Atmospheric pressure = vapour pressure of organic substance + vapour pressure of steam.

From the above relation, it can be interpreted that organic compounds distil below their normal boiling point without decomposition. For example,
(1) Aniline can be distilled at 371.5 K against its normal boiling point of 457 K.
(2) O-nitrophenol can be separated from p-nitrophenol since o-Nitrophenol is volatile in steam.

Differential Extraction and Chromatography

This is where a single-compound solubility technique of purification is applied in the mixture of solvents.

This technique is much more specifically used for the isolation of organic compounds from aqueous solutions or to purify organic solvents from impurities.

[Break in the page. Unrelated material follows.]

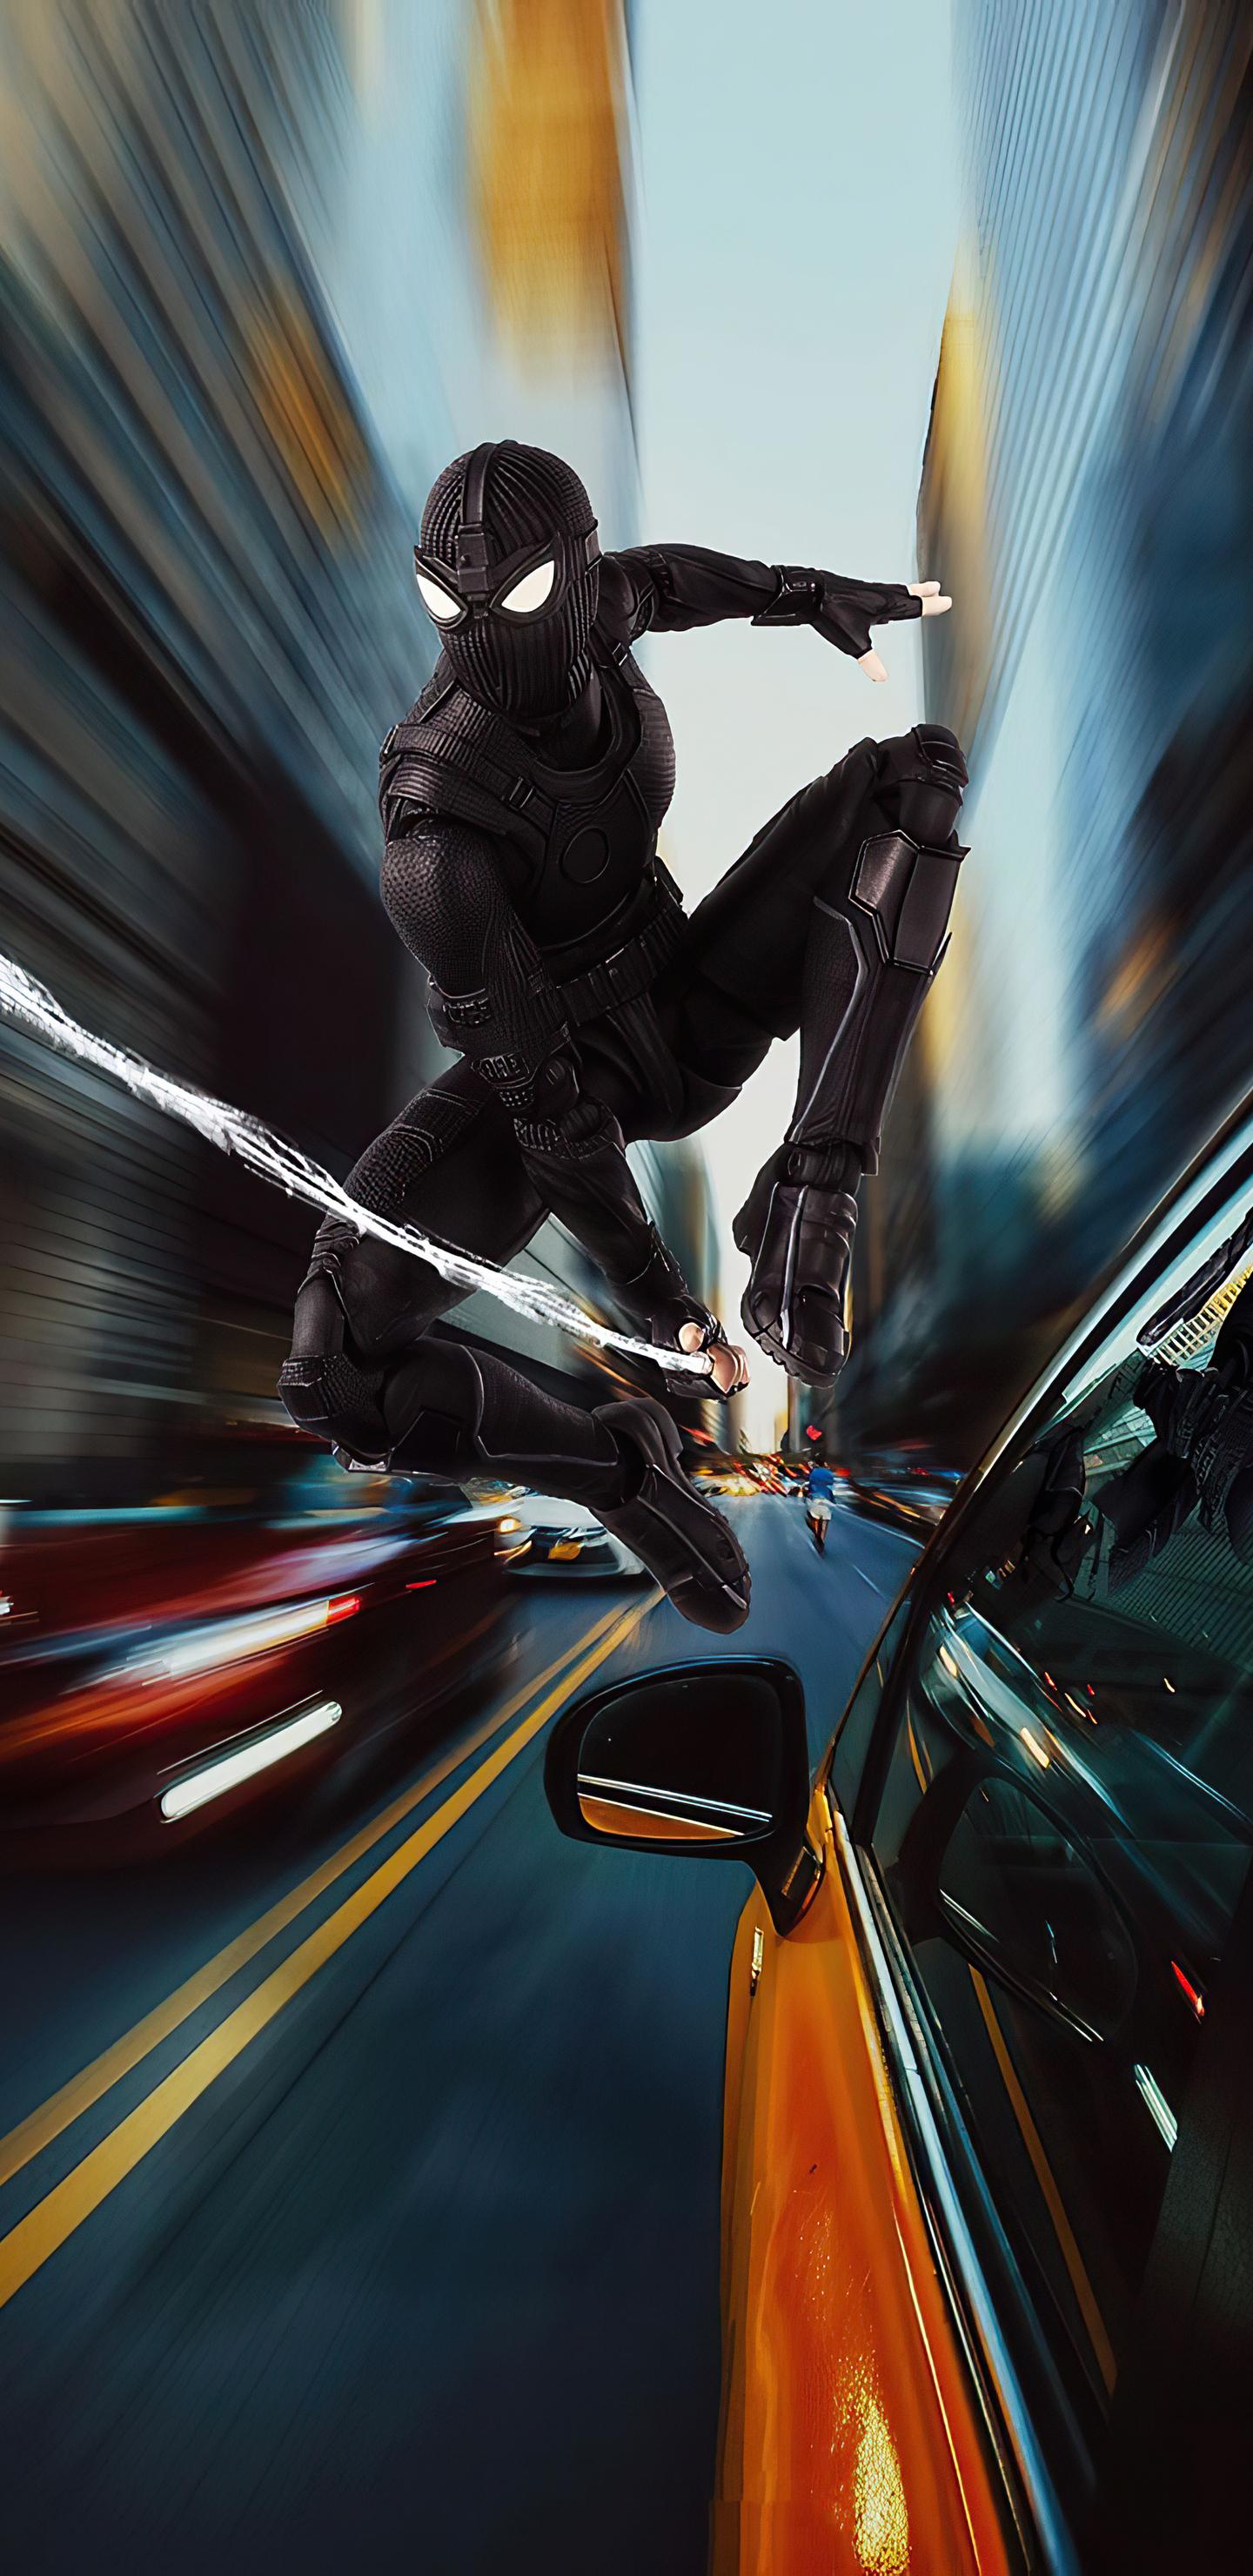 1440x2960 Spiderman Black Suit 2020 Samsung Galaxy Note 9 ...

Chromatography is based on the principle of differential partitioning of compounds between stationary and mobile phases. There are many types, the most common being column, TLC (thin layer), and HPLC (high-performance liquid chromatography).

Differential extraction

It means extraction with solvent. This method is based on the fact that organic substances are more soluble in organic solvents than in water. The organic substance is extracted from its aqueous solution by adopting the following process:

(1) The aqueous solution containing organic substance is shaken with a suitable organic solvent which dissolves the substance but is immiscible with water. Two layers are formed an organic layer and an aqueous layer.

(2) The solvent layer containing the organic substance (organic layer) is separated using a separating funnel. The impurities remain in the aqueous layer.

(3) The organic solvent is removed by distillation to obtain the organic substance.

Chromatography

It is the technique for the separation, purification, and testing of compounds. In this process, we apply the mixture to be separated on a stationary phase (solid or liquid) and a pure solvent such as water or any gas is allowed to move slowly over the stationary phase, carrying the components separately as per their solubility in the pure solvent.

There are four main types of chromatography:

1. Adsorption chromatography

2. Column chromatography

3. Thin layer chromatography

4. Partition chromatography

Adsorption chromatography

In the process of adsorption chromatography, different compounds are adsorbed on the adsorbent to different degrees based on the absorptivity of the component. Here also, a mobile phase is made to move over a stationary phase, thus carrying the components with higher absorptivity to a lower distance than those with lower absorptivity.

Column chromatography

It is the technique used to separate the components of a mixture using a column of suitable adsorbent packed in a glass tube, as shown in the figure below. The mixture is placed on the top of the column, and an appropriate eluant is made to flow down the column slowly. Depending upon the degree of adsorption of the components on the wall adsorbent column, the separation of the components takes place. The component with the highest absorptivity is retained at the top, while the other flows down to different heights accordingly.

Thin layer chromatography

In this process, the mixture of substances is separated into its components with the help of a glass plate coated with a very thin layer of adsorbent, such as silica gel and alumina, as shown in the figure below.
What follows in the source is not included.